_REQUIRED WORK_
Verbatim output of the full listing is required.

=== Section Start ===

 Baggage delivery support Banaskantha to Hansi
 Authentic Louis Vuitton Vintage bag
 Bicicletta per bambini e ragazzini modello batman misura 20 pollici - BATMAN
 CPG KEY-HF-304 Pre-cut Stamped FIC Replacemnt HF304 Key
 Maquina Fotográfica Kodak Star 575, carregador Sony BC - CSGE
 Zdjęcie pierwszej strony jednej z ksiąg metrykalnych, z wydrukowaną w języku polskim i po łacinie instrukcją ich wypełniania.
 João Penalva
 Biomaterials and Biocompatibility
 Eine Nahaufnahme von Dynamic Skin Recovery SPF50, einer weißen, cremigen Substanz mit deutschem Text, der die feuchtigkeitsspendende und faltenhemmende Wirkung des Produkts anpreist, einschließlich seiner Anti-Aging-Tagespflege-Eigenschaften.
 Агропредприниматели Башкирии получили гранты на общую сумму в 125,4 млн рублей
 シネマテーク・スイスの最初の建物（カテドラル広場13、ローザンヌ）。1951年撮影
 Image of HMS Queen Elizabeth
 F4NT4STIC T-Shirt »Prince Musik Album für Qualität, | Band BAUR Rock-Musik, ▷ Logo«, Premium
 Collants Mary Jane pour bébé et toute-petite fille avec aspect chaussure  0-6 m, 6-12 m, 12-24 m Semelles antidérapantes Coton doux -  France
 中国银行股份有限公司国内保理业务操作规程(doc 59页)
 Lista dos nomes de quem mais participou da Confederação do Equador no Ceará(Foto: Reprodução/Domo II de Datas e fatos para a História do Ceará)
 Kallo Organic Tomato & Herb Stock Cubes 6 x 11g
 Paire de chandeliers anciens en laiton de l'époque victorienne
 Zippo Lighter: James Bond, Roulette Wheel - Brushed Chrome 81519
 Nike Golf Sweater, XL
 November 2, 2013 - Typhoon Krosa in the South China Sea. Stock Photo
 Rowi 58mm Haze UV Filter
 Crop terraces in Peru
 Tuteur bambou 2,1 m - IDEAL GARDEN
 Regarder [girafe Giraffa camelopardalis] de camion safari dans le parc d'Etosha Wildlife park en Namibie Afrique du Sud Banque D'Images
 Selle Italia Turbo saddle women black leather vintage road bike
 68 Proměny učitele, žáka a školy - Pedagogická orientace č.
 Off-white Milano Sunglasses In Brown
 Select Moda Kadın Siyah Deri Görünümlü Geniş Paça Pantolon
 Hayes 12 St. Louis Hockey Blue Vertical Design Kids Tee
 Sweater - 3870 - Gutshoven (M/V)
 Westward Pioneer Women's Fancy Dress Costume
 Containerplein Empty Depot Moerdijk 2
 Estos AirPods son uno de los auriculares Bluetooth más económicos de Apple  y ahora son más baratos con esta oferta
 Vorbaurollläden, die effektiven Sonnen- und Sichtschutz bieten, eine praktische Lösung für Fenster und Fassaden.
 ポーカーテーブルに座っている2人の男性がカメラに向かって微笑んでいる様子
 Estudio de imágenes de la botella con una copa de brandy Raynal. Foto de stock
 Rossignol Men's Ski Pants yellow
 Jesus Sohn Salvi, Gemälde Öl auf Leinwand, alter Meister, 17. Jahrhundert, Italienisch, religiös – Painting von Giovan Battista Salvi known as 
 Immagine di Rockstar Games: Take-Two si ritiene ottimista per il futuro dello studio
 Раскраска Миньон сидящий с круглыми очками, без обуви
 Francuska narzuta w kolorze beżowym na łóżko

=== Section End ===

_SOLUTION BELOW_
 Baggage delivery support Banaskantha to Hansi
 Authentic Louis Vuitton Vintage bag
 Bicicletta per bambini e ragazzini modello batman misura 20 pollici - BATMAN
 CPG KEY-HF-304 Pre-cut Stamped FIC Replacemnt HF304 Key
 Maquina Fotográfica Kodak Star 575, carregador Sony BC - CSGE
 Zdjęcie pierwszej strony jednej z ksiąg metrykalnych, z wydrukowaną w języku polskim i po łacinie instrukcją ich wypełniania.
 João Penalva
 Biomaterials and Biocompatibility
 Eine Nahaufnahme von Dynamic Skin Recovery SPF50, einer weißen, cremigen Substanz mit deutschem Text, der die feuchtigkeitsspendende und faltenhemmende Wirkung des Produkts anpreist, einschließlich seiner Anti-Aging-Tagespflege-Eigenschaften.
 Агропредприниматели Башкирии получили гранты на общую сумму в 125,4 млн рублей
 シネマテーク・スイスの最初の建物（カテドラル広場13、ローザンヌ）。1951年撮影
 Image of HMS Queen Elizabeth
 F4NT4STIC T-Shirt »Prince Musik Album für Qualität, | Band BAUR Rock-Musik, ▷ Logo«, Premium
 Collants Mary Jane pour bébé et toute-petite fille avec aspect chaussure  0-6 m, 6-12 m, 12-24 m Semelles antidérapantes Coton doux -  France
 中国银行股份有限公司国内保理业务操作规程(doc 59页)
 Lista dos nomes de quem mais participou da Confederação do Equador no Ceará(Foto: Reprodução/Domo II de Datas e fatos para a História do Ceará)
 Kallo Organic Tomato & Herb Stock Cubes 6 x 11g
 Paire de chandeliers anciens en laiton de l'époque victorienne
 Zippo Lighter: James Bond, Roulette Wheel - Brushed Chrome 81519
 Nike Golf Sweater, XL
 November 2, 2013 - Typhoon Krosa in the South China Sea. Stock Photo
 Rowi 58mm Haze UV Filter
 Crop terraces in Peru
 Tuteur bambou 2,1 m - IDEAL GARDEN
 Regarder [girafe Giraffa camelopardalis] de camion safari dans le parc d'Etosha Wildlife park en Namibie Afrique du Sud Banque D'Images
 Selle Italia Turbo saddle women black leather vintage road bike
 68 Proměny učitele, žáka a školy - Pedagogická orientace č.
 Off-white Milano Sunglasses In Brown
 Select Moda Kadın Siyah Deri Görünümlü Geniş Paça Pantolon
 Hayes 12 St. Louis Hockey Blue Vertical Design Kids Tee
 Sweater - 3870 - Gutshoven (M/V)
 Westward Pioneer Women's Fancy Dress Costume
 Containerplein Empty Depot Moerdijk 2
 Estos AirPods son uno de los auriculares Bluetooth más económicos de Apple  y ahora son más baratos con esta oferta
 Vorbaurollläden, die effektiven Sonnen- und Sichtschutz bieten, eine praktische Lösung für Fenster und Fassaden.
 ポーカーテーブルに座っている2人の男性がカメラに向かって微笑んでいる様子
 Estudio de imágenes de la botella con una copa de brandy Raynal. Foto de stock
 Rossignol Men's Ski Pants yellow
 Jesus Sohn Salvi, Gemälde Öl auf Leinwand, alter Meister, 17. Jahrhundert, Italienisch, religiös – Painting von Giovan Battista Salvi known as 
 Immagine di Rockstar Games: Take-Two si ritiene ottimista per il futuro dello studio
 Раскраска Миньон сидящий с круглыми очками, без обуви
 Francuska narzuta w kolorze beżowym na łóżko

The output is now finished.